§ **WORKING DATA**
== == ==

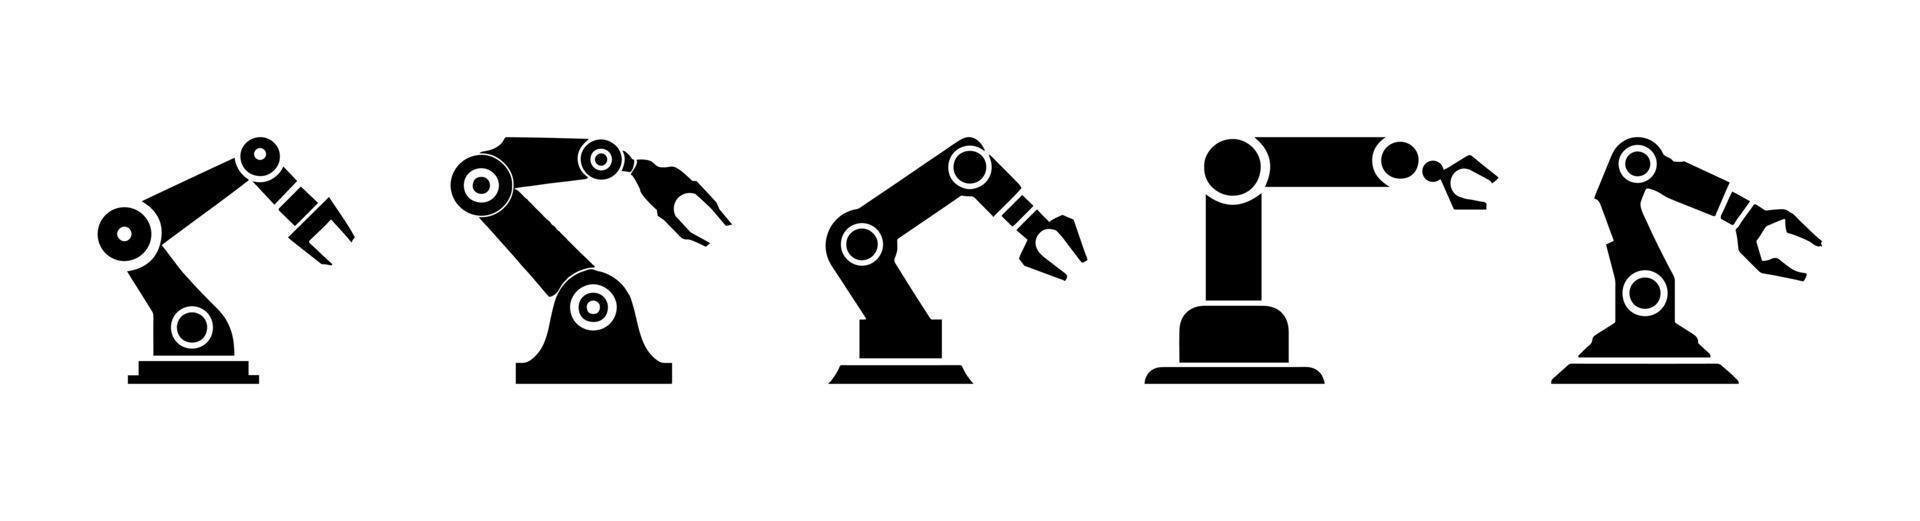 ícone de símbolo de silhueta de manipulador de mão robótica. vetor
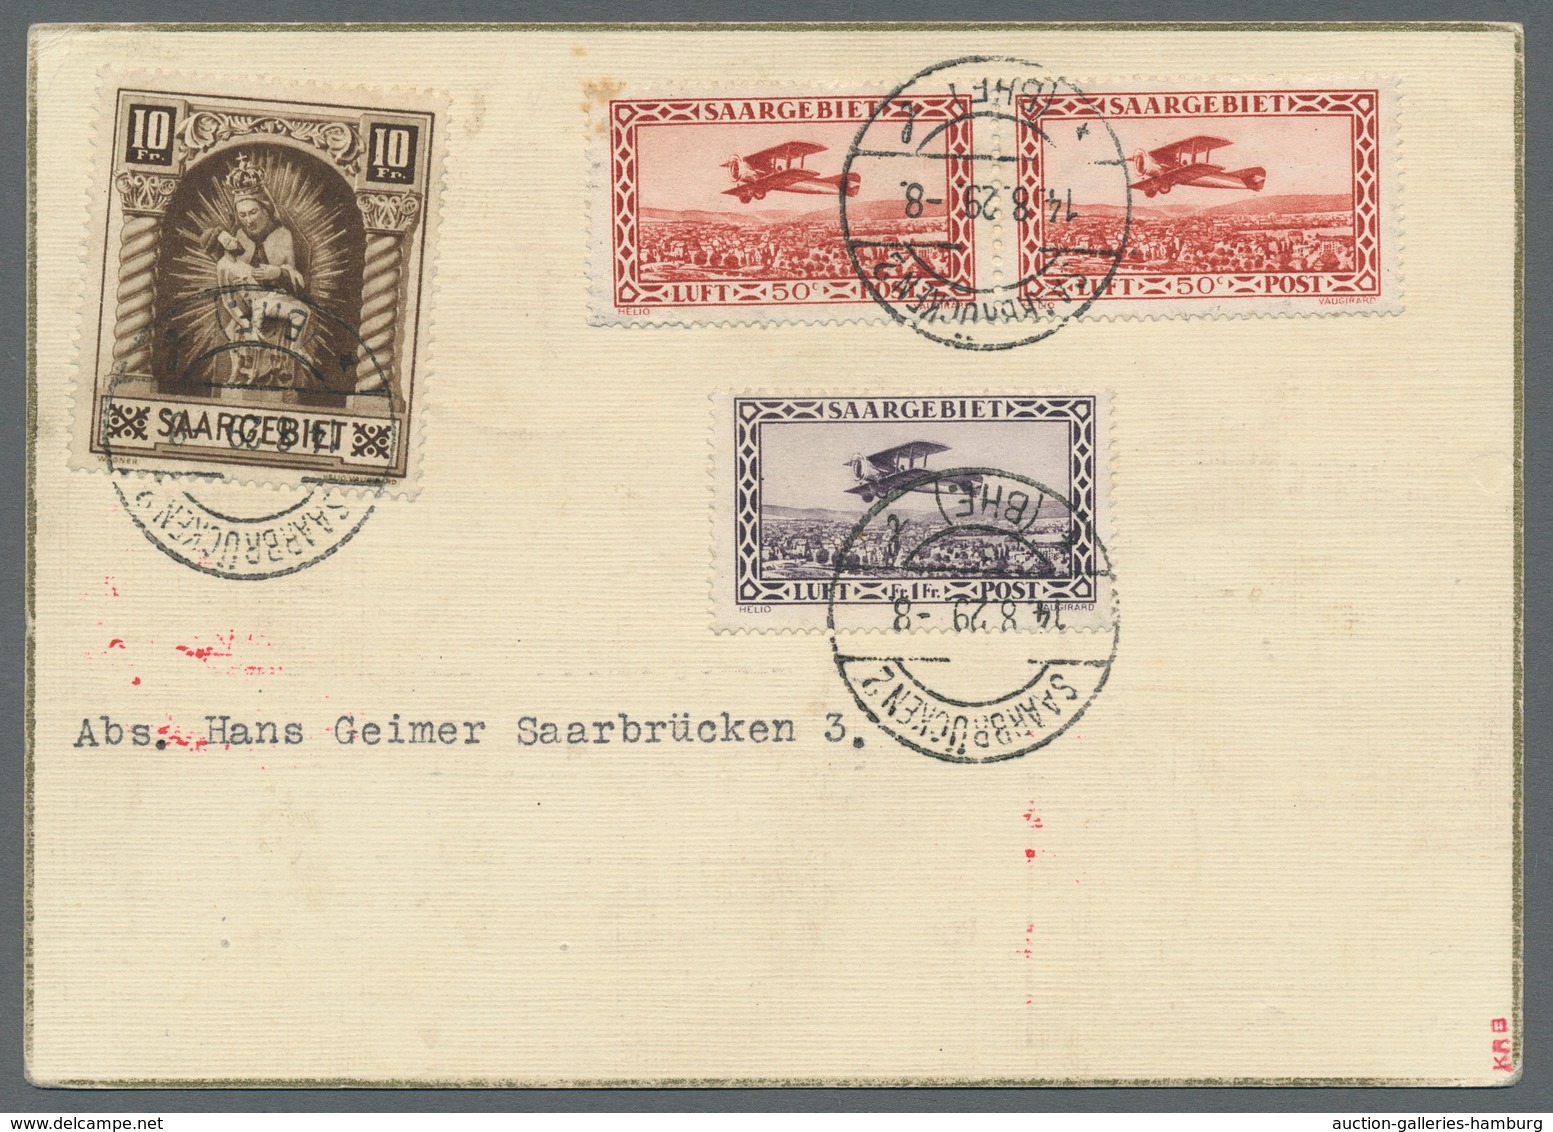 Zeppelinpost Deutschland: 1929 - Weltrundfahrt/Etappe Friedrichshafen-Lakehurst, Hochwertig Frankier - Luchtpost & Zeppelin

== == ==

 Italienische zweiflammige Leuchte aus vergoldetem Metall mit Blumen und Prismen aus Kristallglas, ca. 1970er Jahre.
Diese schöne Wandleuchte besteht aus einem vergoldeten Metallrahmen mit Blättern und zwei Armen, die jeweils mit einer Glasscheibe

== == ==

§ **WHAT THE TASK REQUIRES**
An exact copy is needed of the entries above, starting at the line that holds "ícone de símbolo" and stopping at the line that holds "Zeppelinpost Deutschland: 1929", both kept; pictures stay out.

§ **TASK ANSWER**
 ícone de símbolo de silhueta de manipulador de mão robótica. vetor
 Zeppelinpost Deutschland: 1929 - Weltrundfahrt/Etappe Friedrichshafen-Lakehurst, Hochwertig Frankier - Luchtpost & Zeppelin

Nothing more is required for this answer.